Hi everyone,
I’m working on an ML project in Databricks and want to design a clean, scalable, and production-ready project structure. I’d really appreciate guidance from those with real-world experience.
🔹 My Requirement
I need to organize my project with:
- A "config.yaml" file for managing parameters (paths, model configs, environment-specific settings, etc.)
- A "utils" module/package for reusable code (data loading, logging, validation, helpers)
- A "databricks.yaml" file (for asset bundles / deployment setup)
🔹 What I’m Looking For
I want to follow industry best practices for:
1. Structuring "config.yaml"
- How do you separate dev/stage/prod configs?
- Do you recommend a single config or multiple layered configs?
- How do you handle secrets (avoid hardcoding)?

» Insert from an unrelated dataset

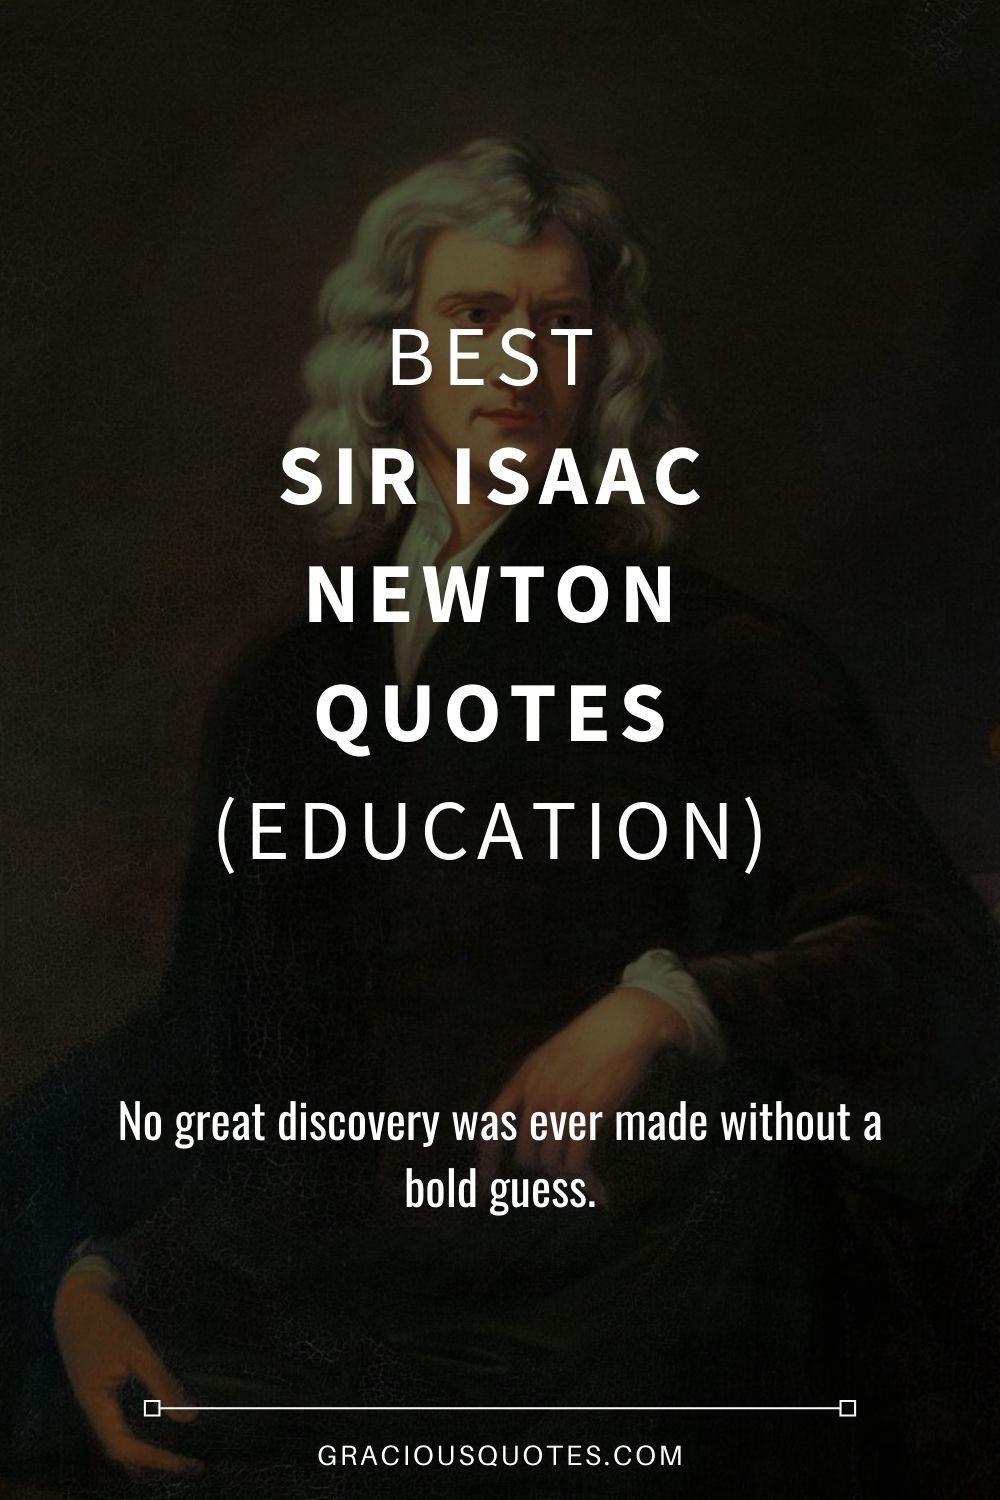 Best Sir Isaac Newton Quotes (EDUCATION) - Gracious Quotes

2. Designing the "utils" layer
- What kind of functions/classes should go here vs elsewhere?
- How do you avoid making it a “dumping ground”?

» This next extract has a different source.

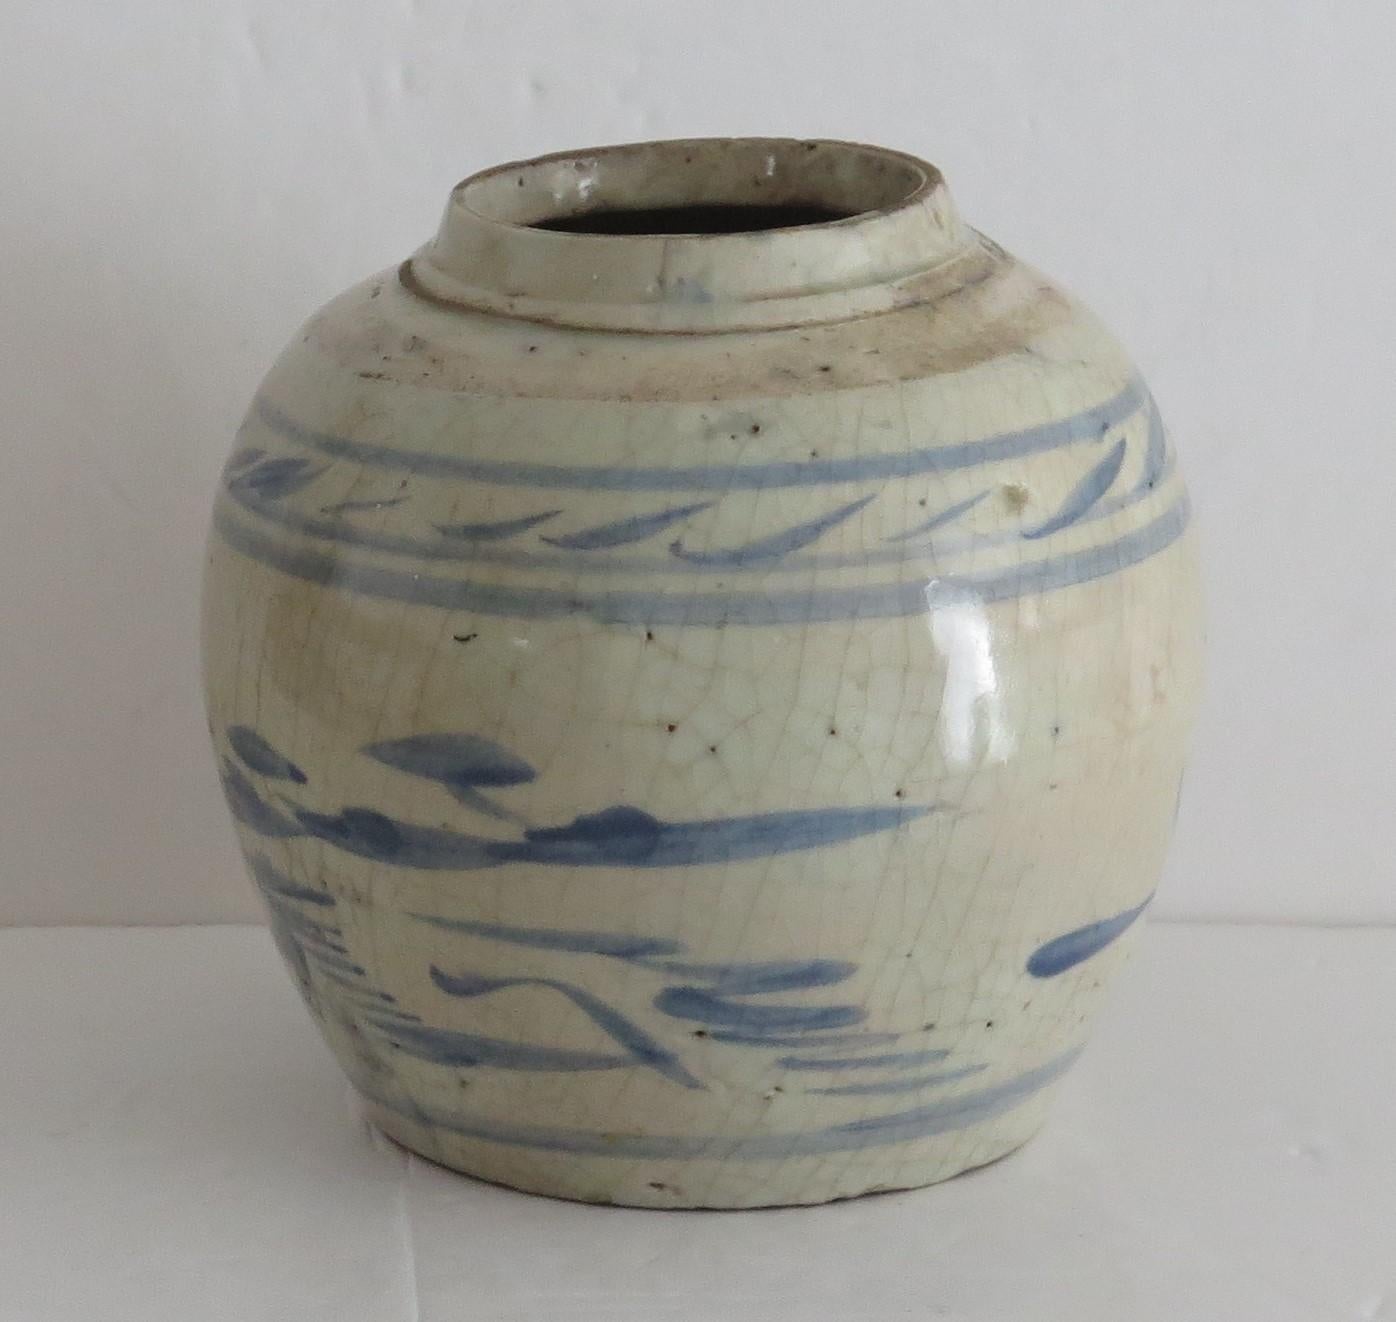 Chinese Export Jar Provincial Hand Painted ceramic, 17th Century late Ming In Good Condition For Sale In Lincoln, Lincolnshire

- Any recommended folder structure?
3. Using "databricks.yaml"
- How should I structure it for multi-environment deployments?
- Best way to integrate with CI/CD pipelines?
- How do you manage job definitions and parameters cleanly?
4. Overall project structure
- Example folder structure for a production-grade ML project in Databricks
- How do you organize notebooks vs Python modules?
🔹 Context
- Using Databricks (Asset Bundles / Jobs)
- ML workflow (data preprocessing → training → evaluation → deployment)
- Looking for scalable, maintainable design (team collaboration friendly)
🔹 Bonus (if possible)
- Sample repo / GitHub reference
- Common mistakes to avoid
Thanks in advance! I’m especially interested in real-world patterns used in production, not just theoretical suggestions.